Health and labor organizations have increasingly identified work-related stress as a “modern epidemic” with highly detrimental effects on the health and productivity of workers. The definition of work stress, however, remains contested, and there are huge financial and political stakes involved in codifying work stress as an official category of occupational hazard. Taking urban transportation work as a case study, this dissertation examines how understandings of work stress as an industrial hazard are produced, institutionalized and contested.

Transportation workers are one of the most studied categories of worker within the field of stress sciences, and this research has shown transit workers to be among sickest workers of any occupation, particularly in regard to chronic, stress-related diseases. This dissertation project approaches transit work as a uniquely powerful site for studying the broader mechanisms underlying the social and material determinants of chronic disease, and as a point of departure for explorations into the politics of work, the sciences of stress, and state and legal frameworks for regulating injury and disease.
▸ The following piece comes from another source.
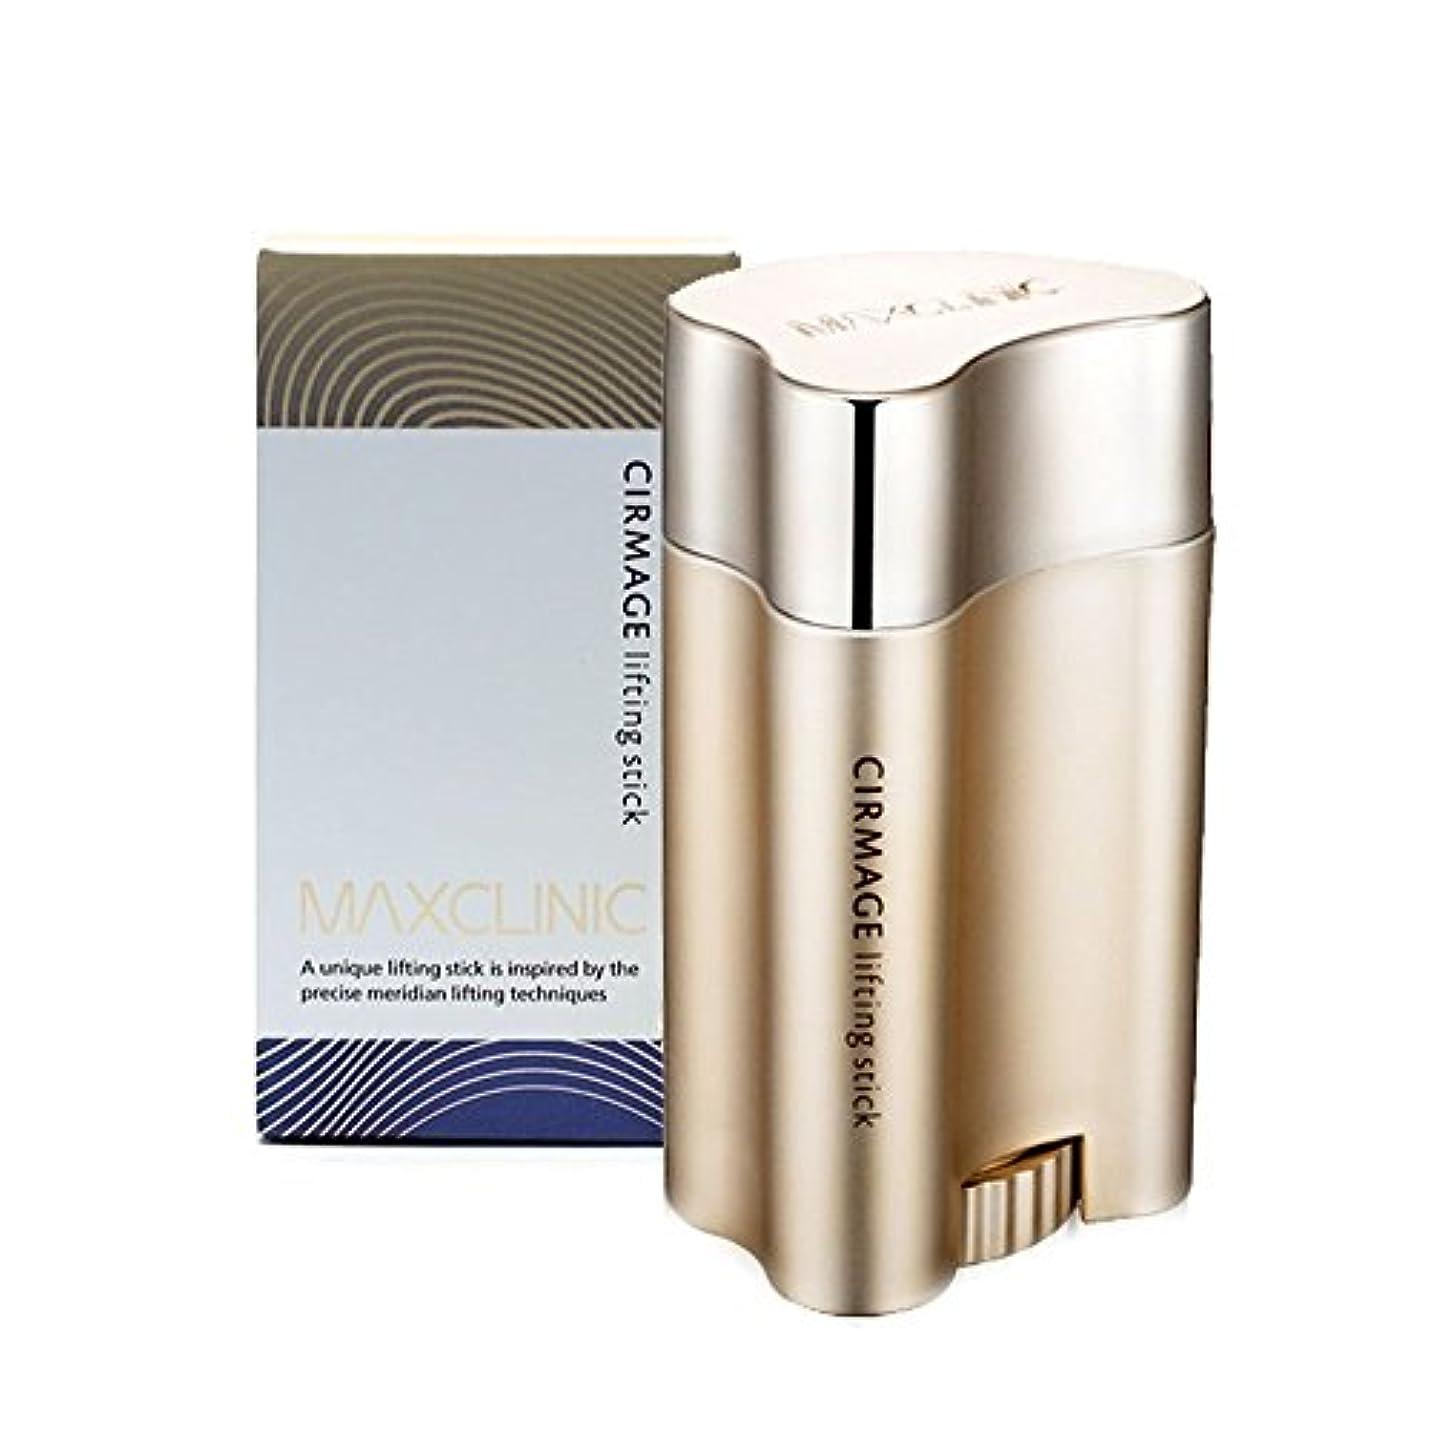 気候の山招待アコードMAXCLINIC マックスクリニック サーメージ リフティング スティック 23g(Cirmage Lifting Stick 23g)/Direct from Korea/w free Gift Sample [並行輸入品]

Using ethnographic methods, this project documents workers’ understanding and experiences of stress, how biomedical scientists recognize (and disregard) the harms of work, and how political and economic interests shape everyday and medical understandings of health and wellbeing for workers. My analyses reveal how the bodily impacts of working conditions—as well as the biomedical recognition of work-related harms—are shaped by race, class and a broader reorganization of work in the United States.